CS 4120: Introduction to Compilers
Fall 2011

Programming Assignment 1: Lexical Analysis

due: Wednesday, September 7

In this assignment you will implement a lexer (also called a scanner or a tokenizer) for the Xi programming language. As discussed in lecture 2, a lexer provides a stream of tokens (also called symbols or lexemes) given a stream of characters.

Your lexer must implement the interface edu.cornell.cs.cs4120.xi.lexer.Lexer. We encourage you to use a lexer generator such as JFlex in your implementation, but this is not required. If you do use a lexer generator, you may wish to consider using the adapter pattern to aid you in your implementation.

We also ask that you provide an implementation of the interface edu.cornell.cs.cs4120.testing.LexerFactory, which simply constructs an instance of your lexer that reads from a provided java.io.Reader. Your implementation class must be public and have a no-argument constructor. You may choose to additionally implement the interface edu.cornell.cs.cs4120.testing.CompilationUnitLexerFactory, which is identical except that it also allows the name of the compilation unit to be passed in.

Finally, we ask that you submit an overview document describing your work. In the metadata section of the document, please include the fully-qualified class name of your LexerFactory implementation.

Provided code

Lexer, LexerFactory and all other code that you will need for this assignment are packaged in cs4120-pa1.jar. Download this file and add it to your classpath. The source code is available in cs4120-pa1.zip.

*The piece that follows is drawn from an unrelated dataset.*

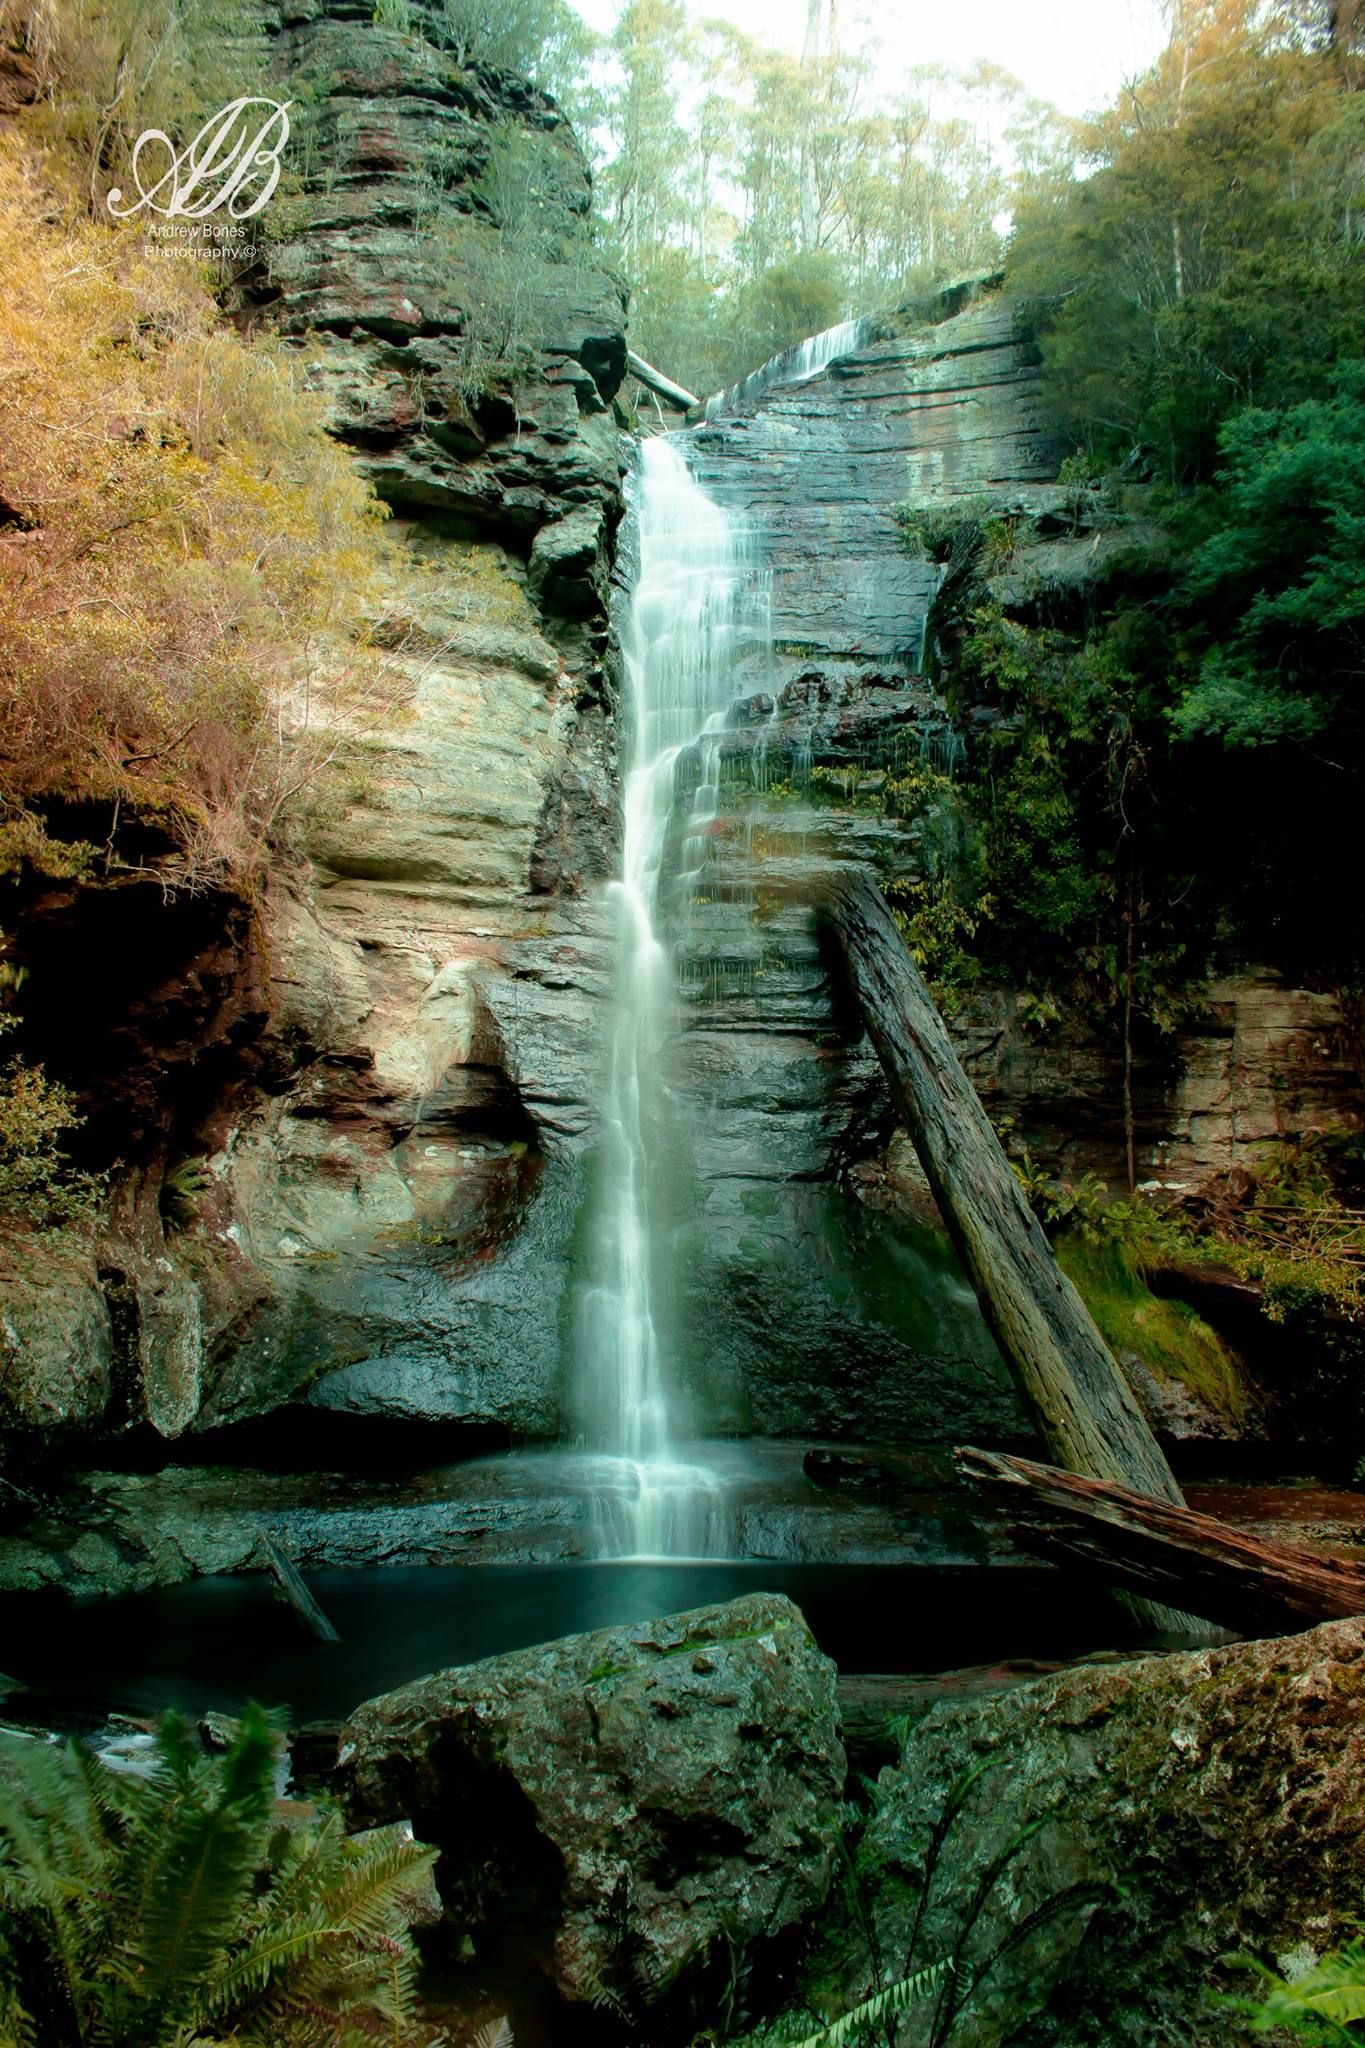 Snug Tier Falls - photo by Andrew Bones
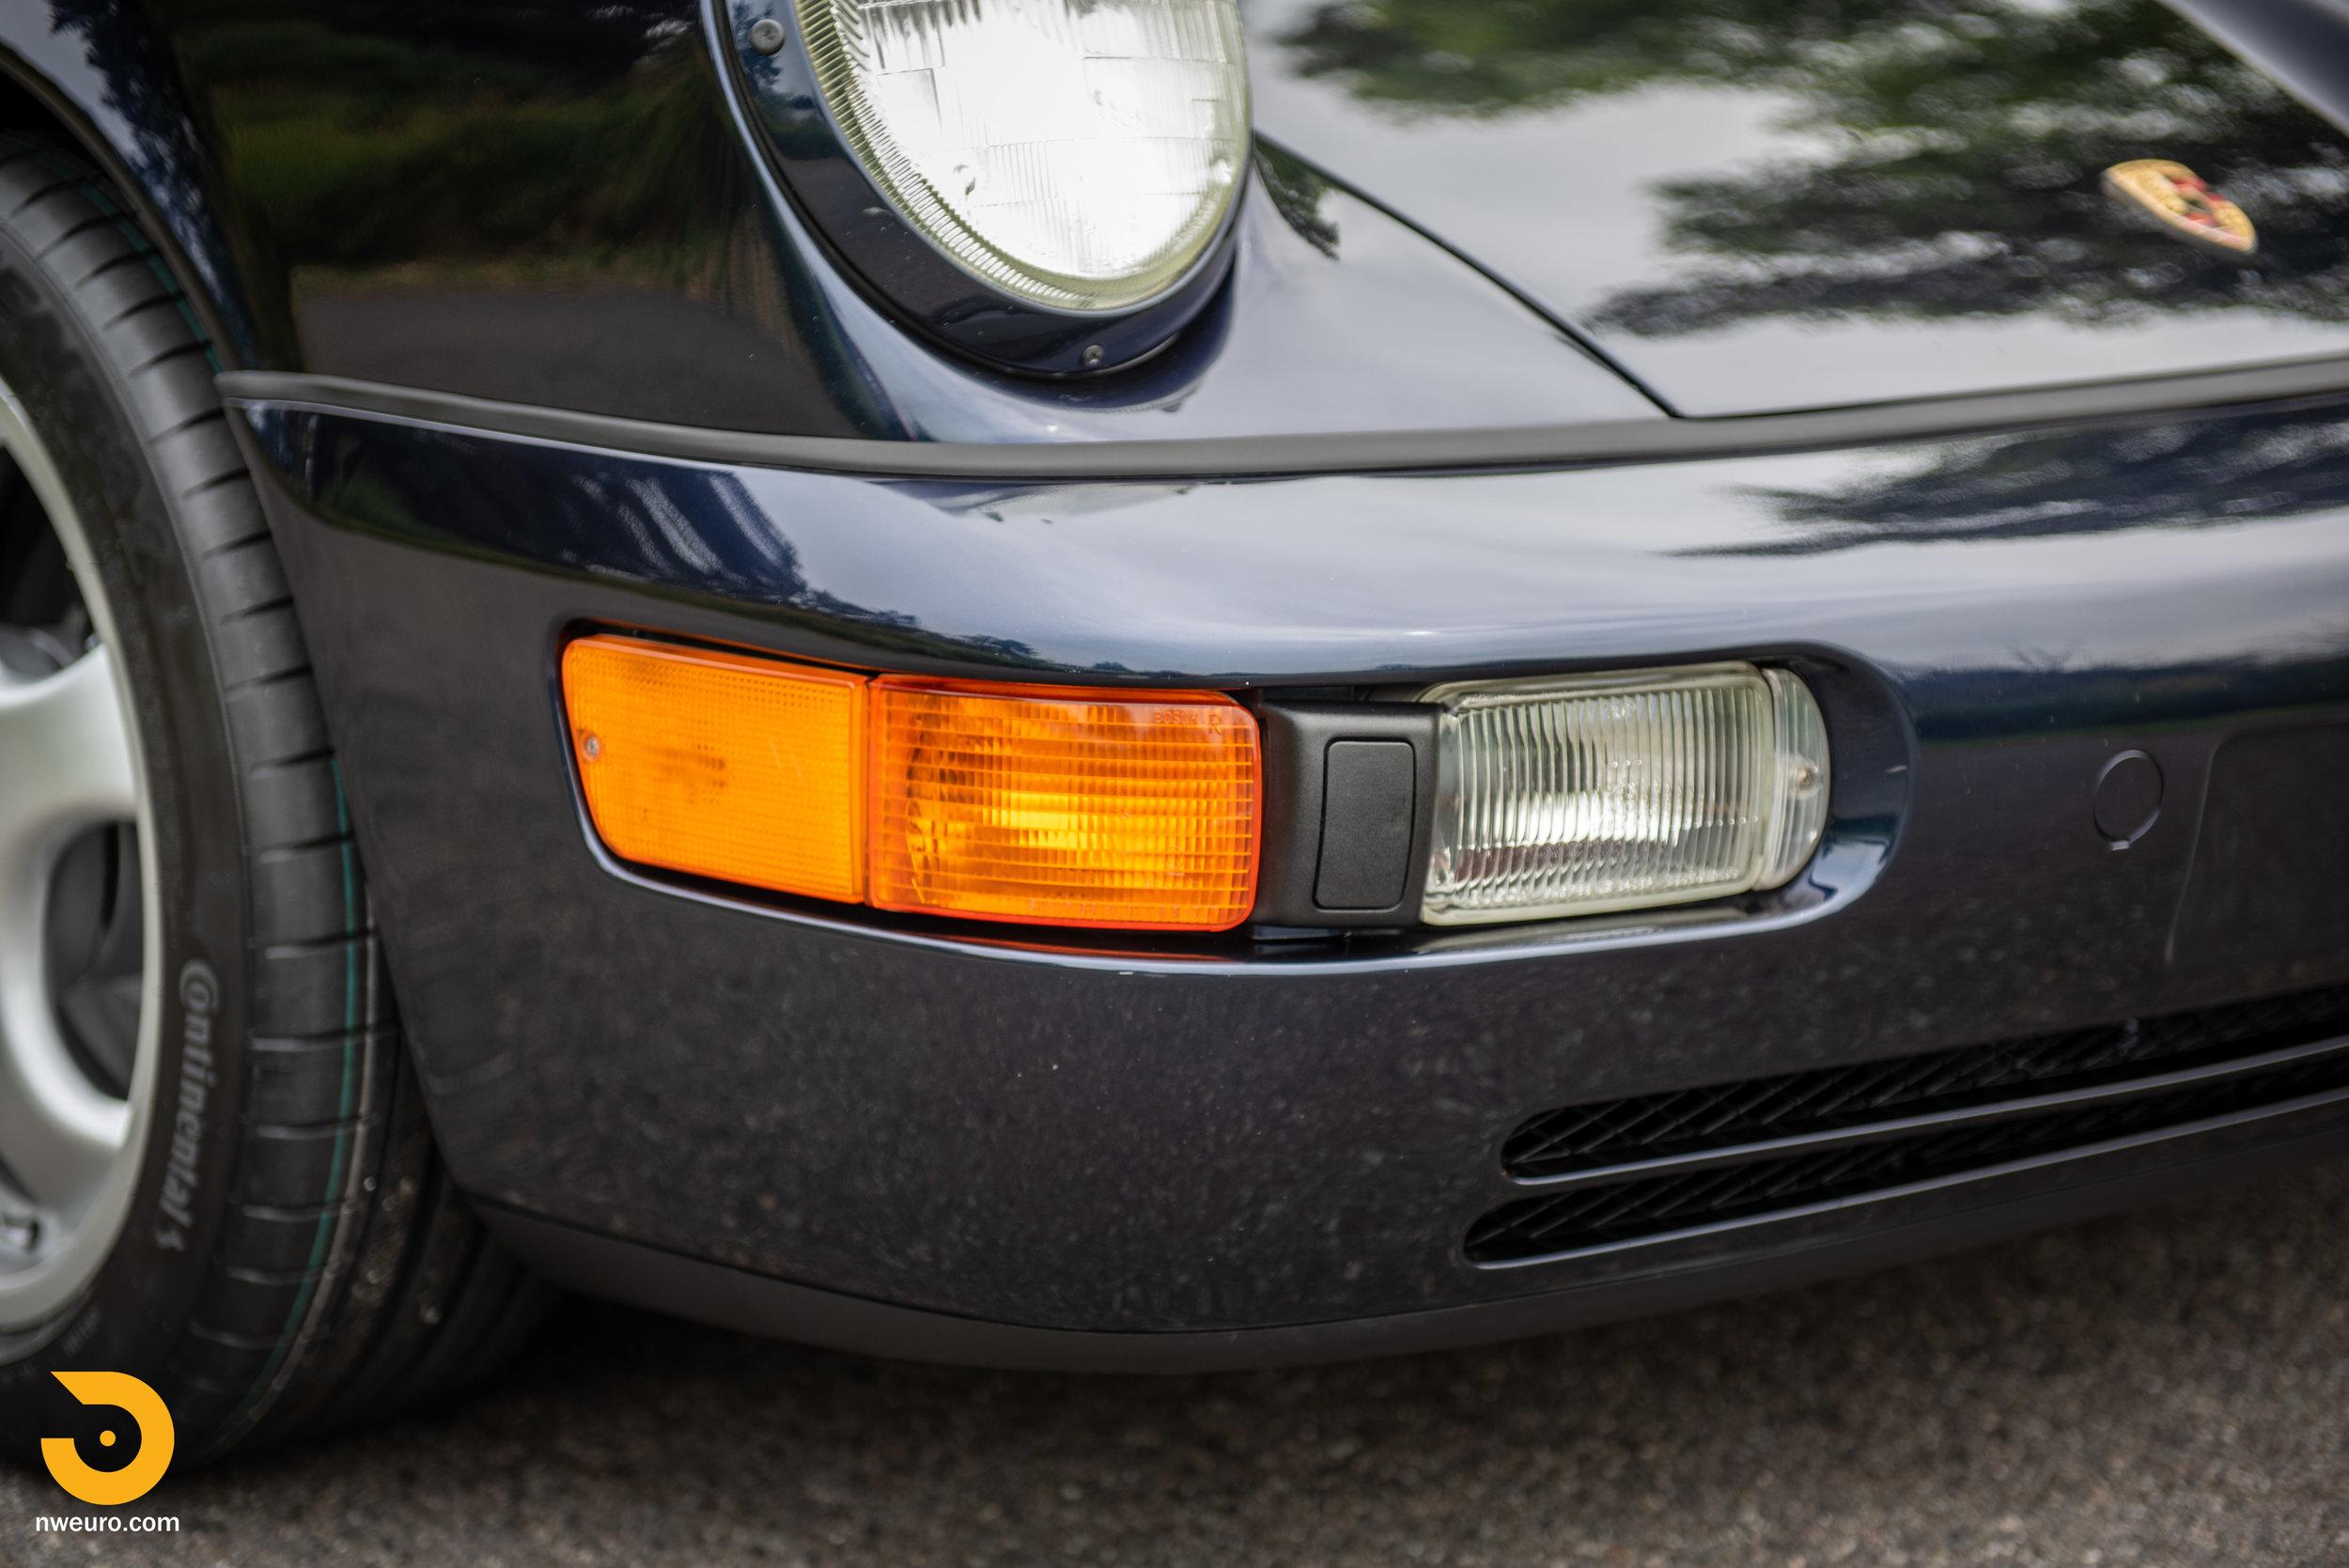 1993 Porsche RS America Midnight Blue-15.jpg

For this assignment, you will find that the provided interfaces largely determine the design of your code. We hope that this will simplify the process of completing the assignment and building upon it for the next assignment. You should anticipate that the code provided for subsequent assignments will provide less guidance.

Source control

You are expected to use Subversion as a source control tool. We will be setting up project accounts that you can use for this purpose.

Package names

All Java code that you submit must be contained within a Java package (your code may be contained in multiple packages). Please ensure that all code you submit is contained in a package whose name contains the NetId of at least one of your group members. Your packages can be named however you would like as long as you satisfy this constraint.

Submission instructions

Submit the following:

Planning ahead

This assignment is much smaller than future assignments will be: it is intended primarily as a warmup assignment that gives your group the chance to practice working together. The later assignments will test your ability to work effectively as a group, so this is a great time to learn how to work together as a group. It is also a good time to set up the infrastructure that you will use for the rest of the semester.